Over the last five years, dividend stocks have tended to outperform the market: for example, the iShares Dow Jones Canada Select Dividend (XDV) delivered an annualized 3.76% from 2008 through 2012, compared with 0.58% for XIC. Meanwhile, those who champion fundamental indexing have noted it too had good record over this period: the iShares Canadian Fundamental (CRQ) returned 2.46% annually. Let’s see what a factor analysis reveals:
What do you know? Both ETFs show an even larger value tilt than XCV. As Justin Bender argued on his blog last year, dividend ETFs can be thought of as “value ETFs in disguise.” (Larry Swedroe goes into more detail on this subject here.) Think of it like this: a stock’s yield is its dividend amount divided by its price. Many dividend junkies focus on the numerator in that fraction (the high dividend amount), but the real driver of the returns is the denominator: the lower price.
Fundamental indexing, too, is really just a methodology designed to get greater exposure to value stocks, something its critics have long noted. Research Affiliates, creators of the fundamental index, downplayed this for long time, but now they seem to acknowledge it freely.
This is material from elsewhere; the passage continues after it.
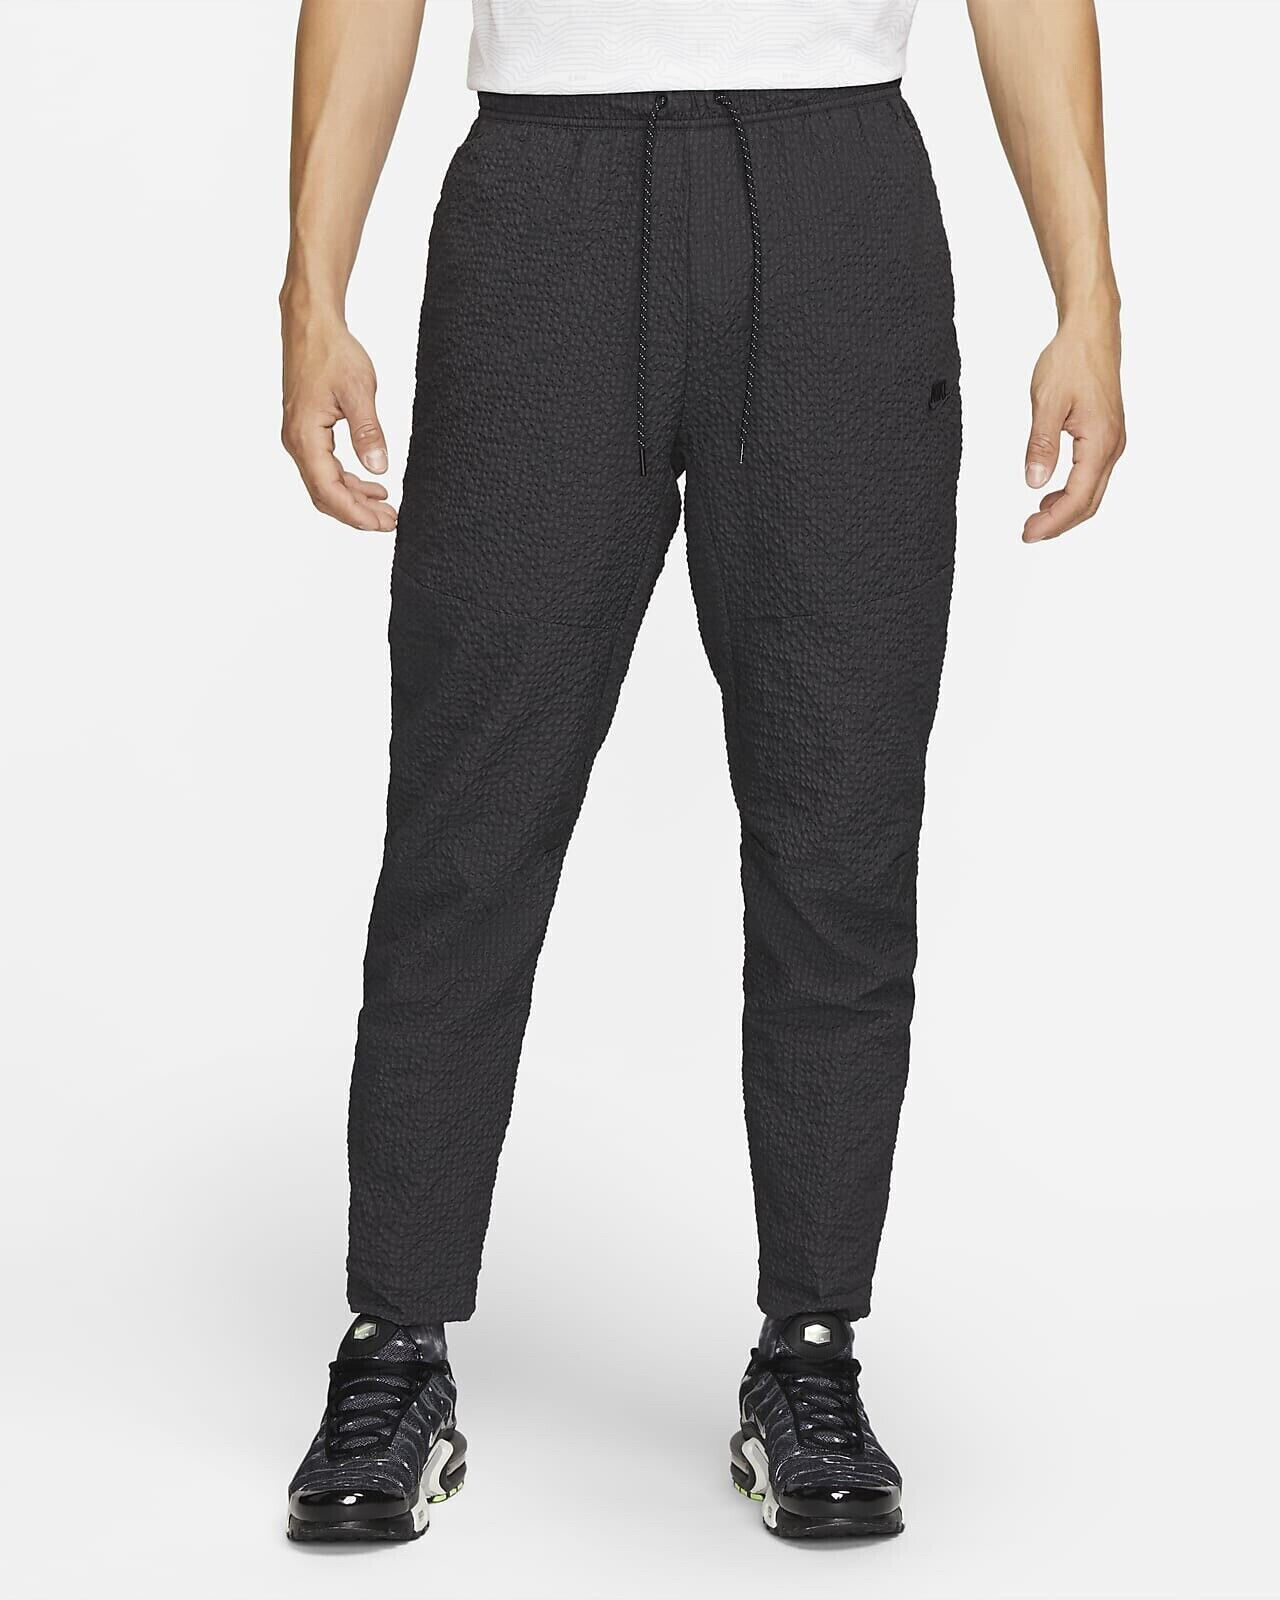 Nike Sportswear Tech Pack Pants Size S Essentials Woven Joggers DQ4324 010  New
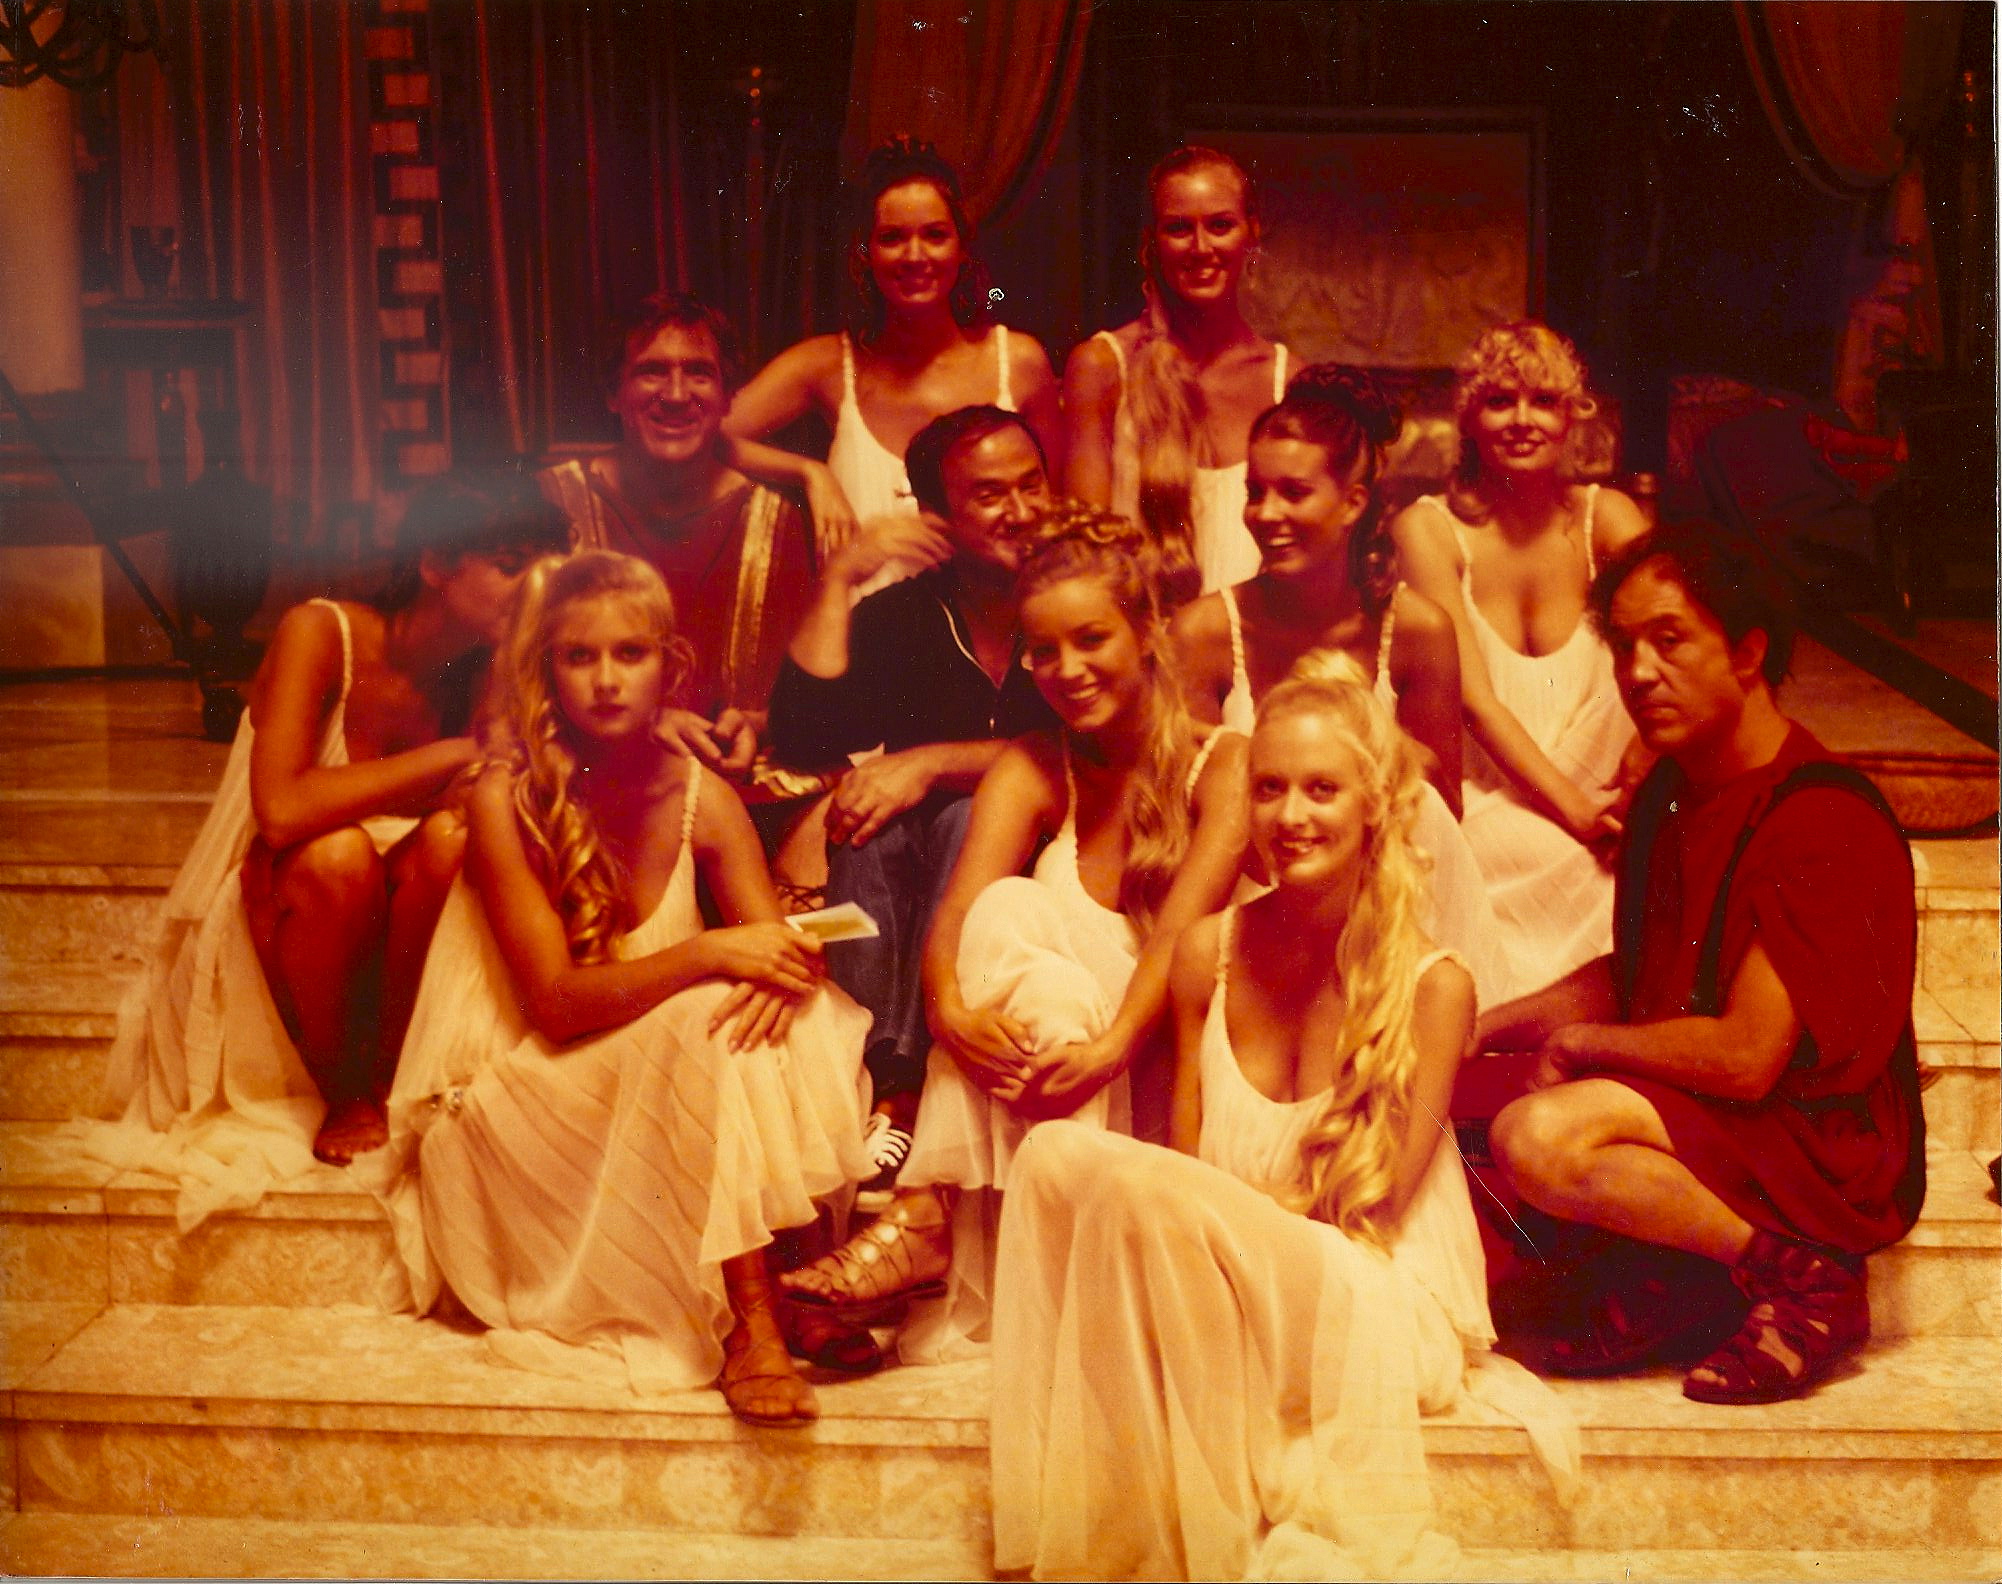 Mel Brook's History of the World Part 1 Vestal Virgins and cast members. Lou Mulford back row with Shecky Greene

During the five years ending in 2012, the iShares Dow Jones Canadian Value (XCV) returned 2.93% annually, falling between XDV and CRQ. That’s not a coincidence. All three funds are just different ways of tapping into the value premium, which was strongly positive during these five years. When the value premium is negative during other periods, you can probably expect these funds to struggle in similar ways.
Special FX
Now onto a fund that’s more of a head scratcher. The First Asset Morningstar Canada Value (FXM) has been the best-performing Canadian equity ETF during the last year: over the 12 months ending September 30 it returned almost 29%, while the broad market was up just 7% and the three value funds above managed “only” 16% or so. How did FXM pull off that remarkable performance? Have the folks at Morningstar found a way to harness the value premium in a way no one else has ever managed?
We can’t look at five years of fund performance, because FXM was launched in February 2012. However, First Asset kindly provided us with monthly index data to fill in the gaps back to the beginning of 2008. This time the factor analysis yielded some surprises:
Yes, there’s value tilt, but there’s also a huge—and statistically significant—size tilt as well. (Remember, in the three value funds we considered above, the size coefficients were negative.) There’s also a significant alpha, though the low t-stat indicates it may just be random noise. But however you slice it, FXM is more than just a value fund.
We decided to dig a little deeper. Though it’s notoriously difficult to harness, there’s lots of evidence for a fourth factor: the momentum premium. Stocks that have recently risen or fallen in price tend to persist in the same direction for some time. So we ran a new regression with this fourth factor thrown into the mix:
This definitely helped: the higher R-squared value suggests the data fit this model better than our three-factor analysis. Momentum does indeed seem to contribute to the excess return. (In the Morningstar index tracked by FXM, one of the criteria is three-month earnings estimate revisions, which is a traditional momentum screen.) The value coefficient is higher now, too, but the size coefficient is still unexpectedly large.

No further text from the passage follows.